14. Können Mietkosten für eine Unterkunft (z.B. bei Anmietung eines Hotels als Inobhutnahmestelle für umA) vom Landesjugendamt übernommen werden?

Das Land erstattet keine pauschalen Kosten für angemietete Hotels o.ä. Es können nur Kosten erstattet werden, die im Rahmen einer Hilfemaßnahme einzelfallbezogen entstanden sind. Miete und Nebenkosten sind demnach im Einzelfall umzulegen und fallbezogen abzurechnen.

15. Können Kosten für einen Sicherheits- bzw. Wachdienst erstattet werden, wenn eine Betreuung durch pädagogische Fachkräfte in der Nacht nicht hinreichend sichergestellt werden kann?

Die Antwort wird in Kürze eingestellt.

16. Ein umA hat in seinem Asylverfahren einen Ablehnungsbescheid erhalten.
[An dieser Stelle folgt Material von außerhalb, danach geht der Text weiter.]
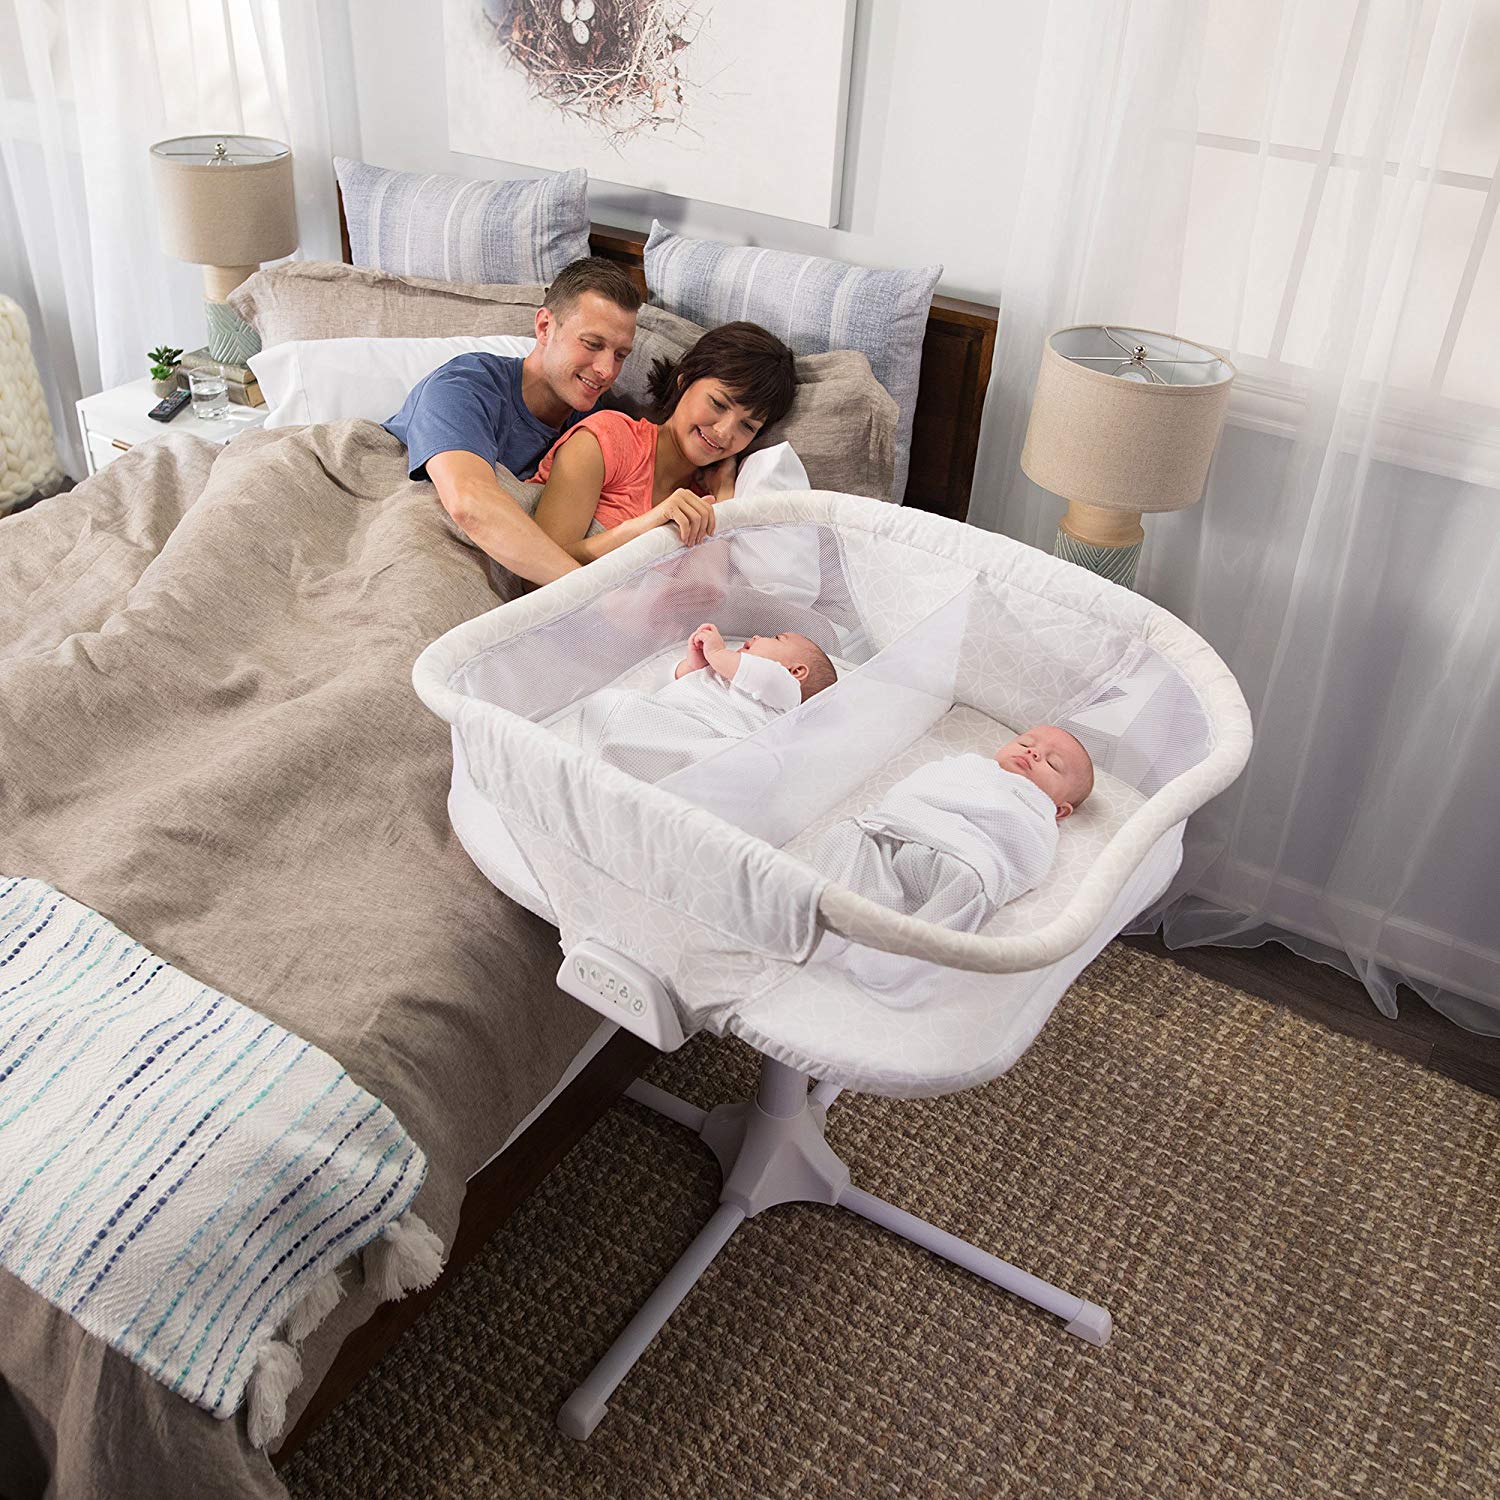 portable crib for twins

Für das Klageverfahren wird ein Rechtsanwalt hinzugezogen. Werden auch die Rechtsanwaltskosten vom Landesjugendamt erstattet?

Rechtsanwaltskosten, z.B. im Rahmen eines Klageverfahrens, sind nicht erstattungsfähig. Nur Leistungen, die zur Erbringung einer Jugendhilfemaßnahme notwendig sind, sind erstattungsfähig.

Es wäre zu klären, ob ggf. Prozesskostenhilfe beantragt werden kann.

Es besteht die Möglichkeit, Kontakt zu Beratungsdiensten, Migrations- und Asylberatungsstellen aufzunehmen. Manche verfügen über einen „Flüchtlingsrechtshilfefonds“.

17. In welchem Umfang werden Dolmetscherkosten übernommen?

Dolmetscherkosten, die im Rahmen der Kinder- und Jugendhilfe entstehen (z.B. für die Alterseinschätzung oder Hilfeplanung), werden grundsätzlich für die Dauer von 6 Monaten übernommen.

Die Notwendigkeit eines Dolmetschereinsatzes sollte dabei im Prozess der Hilfeplanung geprüft werden.

In Rheinland-Pfalz gibt es keine Höchst- oder Bagatellgrenzen für die Honorare der Dolmetscher.

18. Werden Kosten übernommen, die für eine/n Gebärdensprachdolmetscher/in entstehen?

Ja – Gebärdensprachdolmetscher/innen werden, analog zu Dolmetscherkosten, erstattet.

19. Werden Tätigkeiten, die im Rahmen der Vormundschaft entstehen, wie z.B. Dolmetscherkosten, Fahrtkosten, Beratung, Coaching vom überörtlichen Träger erstattet?

Nein.

Kostenerstattungsfähig sind ausschließlich die Leistungen der Jugendhilfe.

20. Wer übernimmt die Kosten für Sprachkurse?

Sprachkurse dienen der Integration der jungen Menschen und sind daher unerlässlich. Die Kosten für Sprachkurse werden vom überörtlichen Träger im Rahmen der Kostenerstattung übernommen.

21. Wie ist bei sog. „Altfällen“ (Inobhutnahme vor dem 01.11.2015) zu verfahren, wenn noch keine Kostenanerkenntnis des bis dahin zuständigen überörtlichen Trägers vorliegt?

Sobald die Kostenanerkenntnis des überörtlichen Trägers eines anderen Bundeslandes vorliegt, ist diese dem Landesjugendamt Rheinland-Pfalz einzureichen.

22. Werden Kosten für eine überbetriebliche Ausbildung erstattet?

Ja.

Grundlage für die Kostenerstattung ist § 13 Abs. 2 SGB VIII.